« August 2023 | Main | October 2023 »

Dataviz in camouflage

This subway timetable in Tokyo caught my eye:


It lists the departure times of all trains going toward Shibuya on Saturdays and holidays.

It's a "stem and leaf" plot.

The stem-and-leaf plot is a crude histogram. In this version, the stem is the hour of the day (24-hour clock) and the leaf is the minute (between 0 and 59). The longer the leaf, the higher the frequency of trains.

We can see that there isn't one peak but rather a plateau between hours 9 and 18.


Contrast this with the weekday schedule in blue:


We can clearly see two rush hours, one peak at hour 8 and a second one at hours 17-18.

Love seeing dataviz in camouflage!


What is the question is the question

I picked up a Fortune magazine while traveling, and saw this bag of bubbles chart.

Fortune_global500 copy

This chart is visually appealing, that must be said. Each circle represents the reported revenues of a corporation that belongs to the “Global 500 Companies” list. It is labeled by the location of the company’s headquarters. The largest bubble shows Beijing, the capital of China, indicating that companies based in Beijing count $6 trillion dollars of revenues amongst them. The color of the bubbles show large geographical units; the red bubbles are cities in Greater China.

I appreciate a couple of the design decisions. The chart title and legend are placed on the top, making it easy to find one’s bearing – effective while non-intrusive. The labeling signals a layering: the first and biggest group have icons; the second biggest group has both name and value inside the bubbles; the third group has values inside the bubbles but names outside; the smallest group contains no labels.

Note the judgement call the designer made. For cities that readers might not be familiar with, a country name (typically abbreviated) is added. This is a tough call since mileage varies.


As I discussed before (link), the bag of bubbles does not elevate comprehension. Just try answering any of the following questions, which any of us may have, using just the bag of bubbles:

  • What proportion of the total revenues are found in Beijing?
  • What proportion of the total revenues are found in Greater China?
  • What are the top 5 cities in Greater China?
  • What are the ranks of the six regions?

If we apply the self-sufficiency test and remove all the value labels, it’s even harder to figure out what’s what.

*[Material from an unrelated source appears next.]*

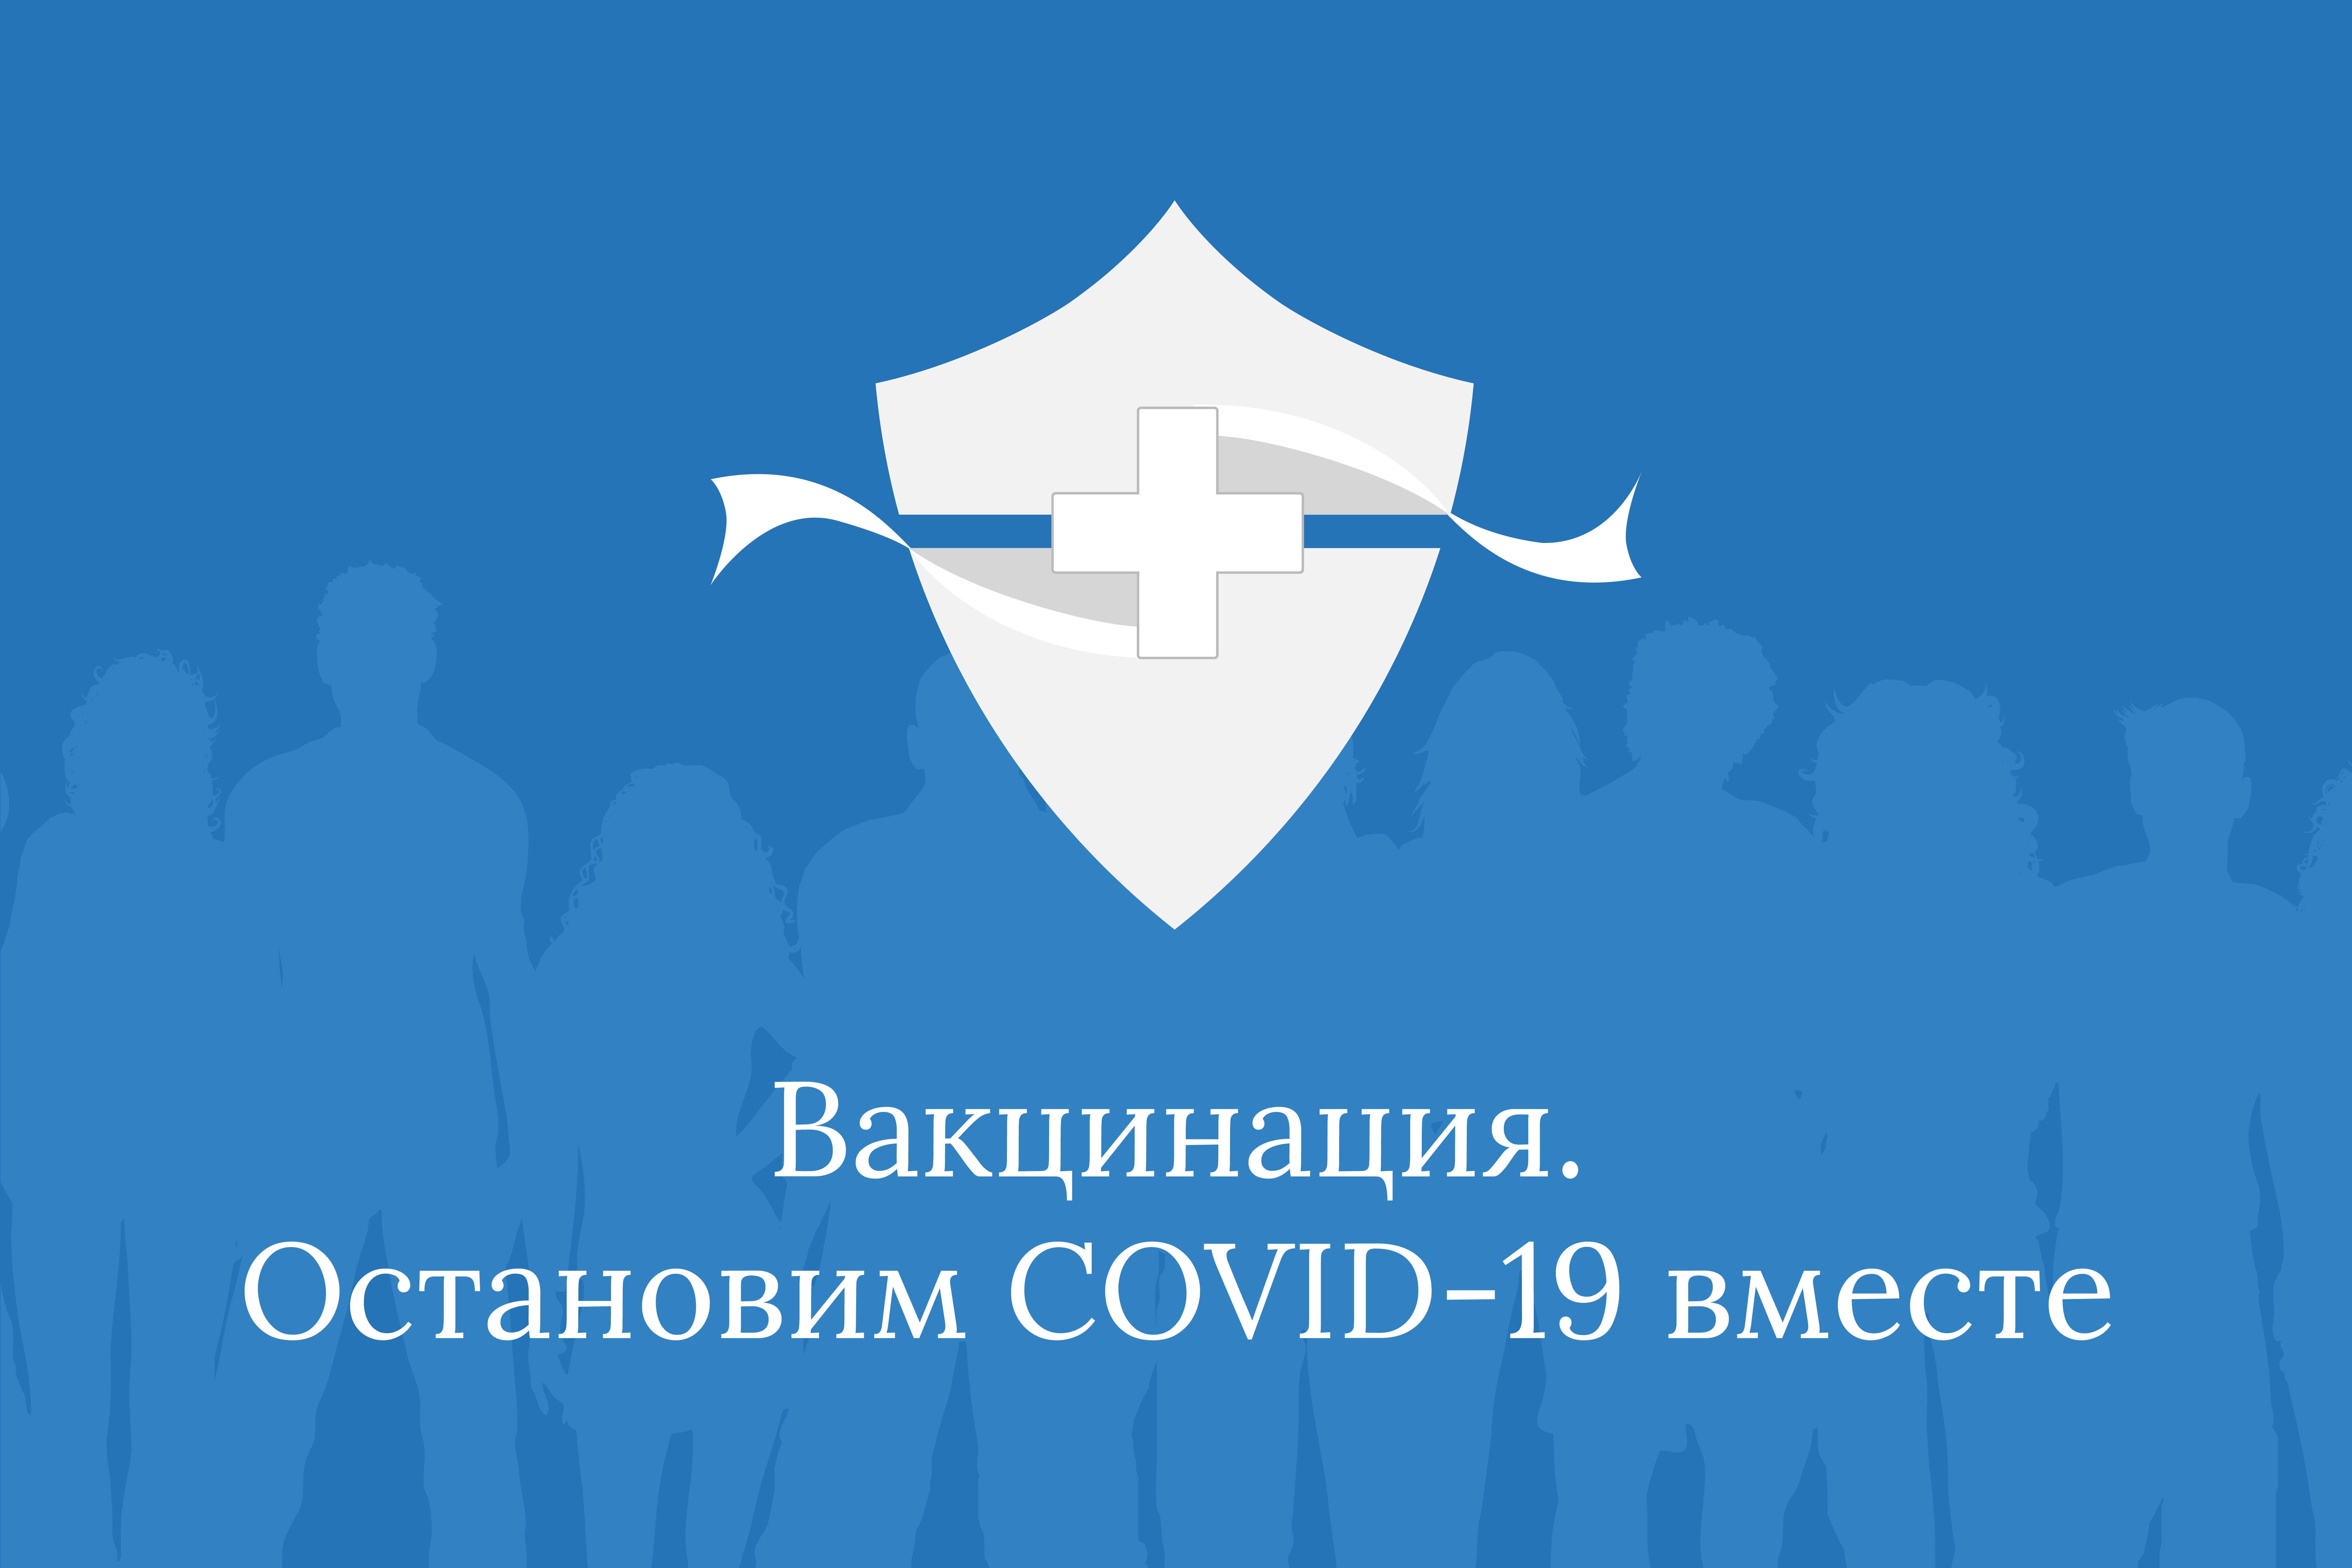  Информационные материалы по профилактике новой коронавирусной инфекции COVID-19

Moving to the D corner of the Trifecta Checkup, we aren’t sure how to interpret this dataset. It’s unclear if these companies derive most of their revenues locally, or internationally. A company headquartered in Washington D.C. may earn most of its revenues in other places. Even if Beijing-based companies serve mostly Chinese customers, only a minority of revenues would be directly drawn from Beijing. Some U.S. corporations may choose its headquarters based on tax considerations. It’s a bit misleading to assign all revenues to one city.

As we explore this further, it becomes clear that the designer must establish a target – a strong idea of what question s/he wants to address. The Fortune piece comes with a paragraph. It appears that an important story is the spatial dispersion of corporate revenues in different countries. They point out that U.S. corporate HQs are more distributed geographically than Chinese corporate HQs, which tend to be found in the key cities.

There is a disconnect between the Question and the Data used to create the visualization. There is also a disconnect between the Question and the Visual display.